40 Jacques René Giguère April 29, 2017 at 6:38 pm

re Erdogan. “Power corrupt, absolute power corrupt absolutely”. No.
Corrupt seeks power. Absolutely corrupts seeks absolute power.
Stalin and he-who-must-not-be-named didn’t spend their childhood help grannies crossing streets

41 Moo cow April 29, 2017 at 7:27 pm

Trump? We can name him here.

42 Donald Pretari April 29, 2017 at 8:28 pm
Trump using executive orders at unprecedented pace

Alas, proven right, yet again…
174 Donald Pretari February 1, 2017 at 3:26 pm
#6…Trump is already addicted to Executives Orders. His plan is to govern by issuing executive orders about all facets of government and see what transpires. Soon, he will begin issuing Executive Orders to other countries.
185 Donald Pretari February 2, 2017 at 1:22 pm
I made a prediction that time will deal with based upon watching Trump.

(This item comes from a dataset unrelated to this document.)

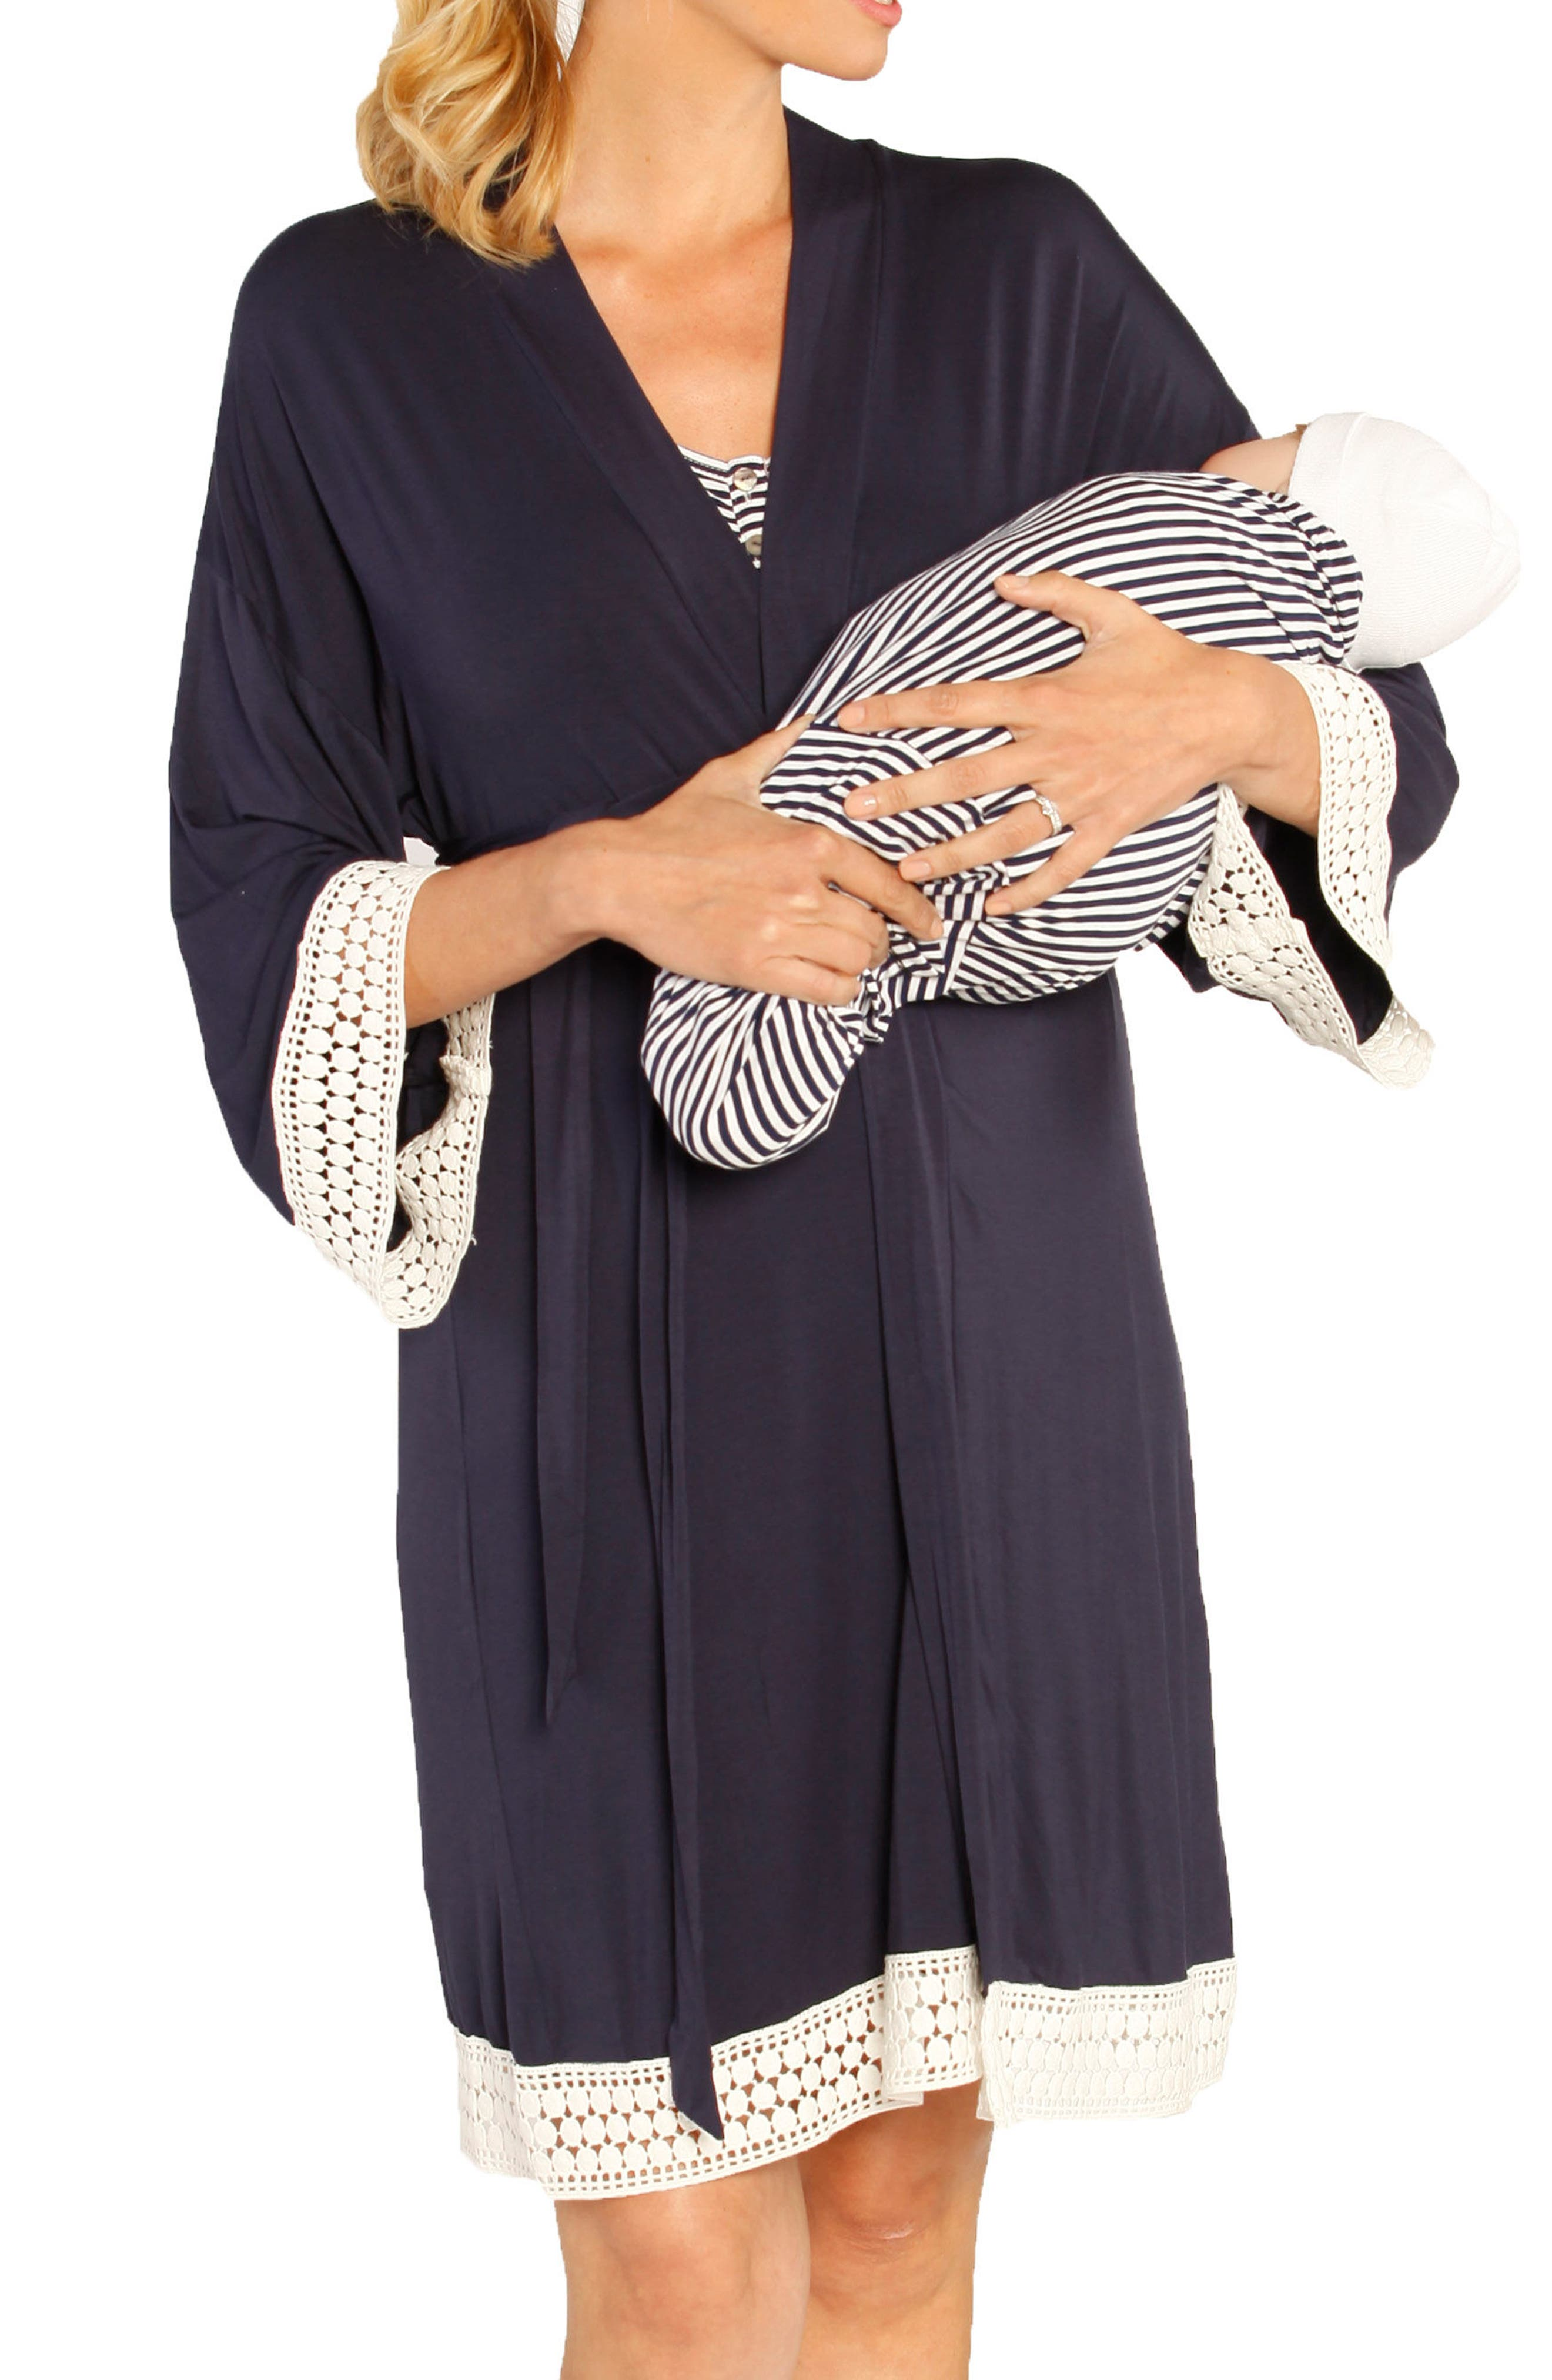 Cranberry Maternity Dresses

43 mikeInThe716 April 29, 2017 at 8:43 pm

RE: 1) Zuck should visit a Honda / Toyota transplant. Then he could post about how they manage with <half the job categories AND get higher productivity (compared to the Ford/UAW plant).

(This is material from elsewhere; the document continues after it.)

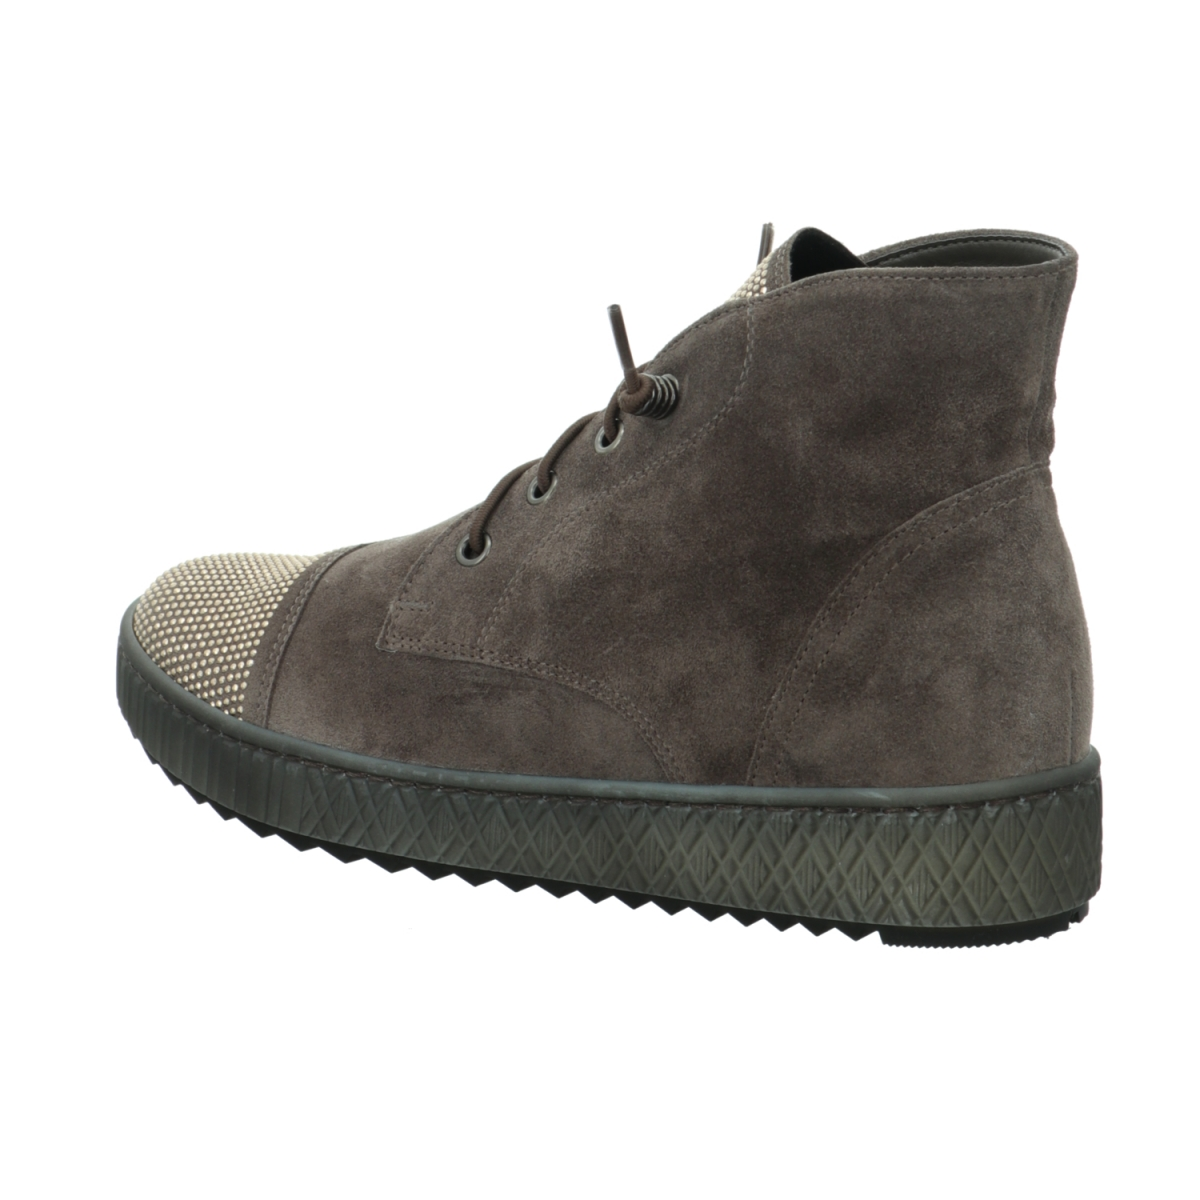 b8597c89deed Gabor - Sneaker Gabor - Sneaker Gabor - Sneaker ...

And he'd then quickly lose a few thousand "friends"…

44 Thanatos Savehn April 29, 2017 at 9:37 pm

#1 Having represented Ford I can say that the River Rouge facility is one of, though not the, most impressive examples of America’s industrial might you’ll ever see. Obama might think that he built it by way of having his ring kissed and thereafter, like the Sun King he imagines himself to be, decreeing that it should therefore “become”, but it was built by men like you and me. If you ever have a chance to see it, go.

45 Troll Me April 29, 2017 at 10:13 pm

Has anyone there figured out that if they want to sell to the Japanese market, they will have to make vehicles that are consistent with regulations upheld by Japanese voters?

Last I heard, folks in the US auto industry cry of mistreatment, but refuse to make models that meet the demands of the different foreign markets. Some sorts of diversions about the unfair expensive costs of replacement parts to meet local code, instead of making a model that can actual meet standards in one of the largest and wealthiest markets in the world.

46 Jon April 30, 2017 at 11:27 pm

#6 is behind a paywall, so it is really useless for public discussion.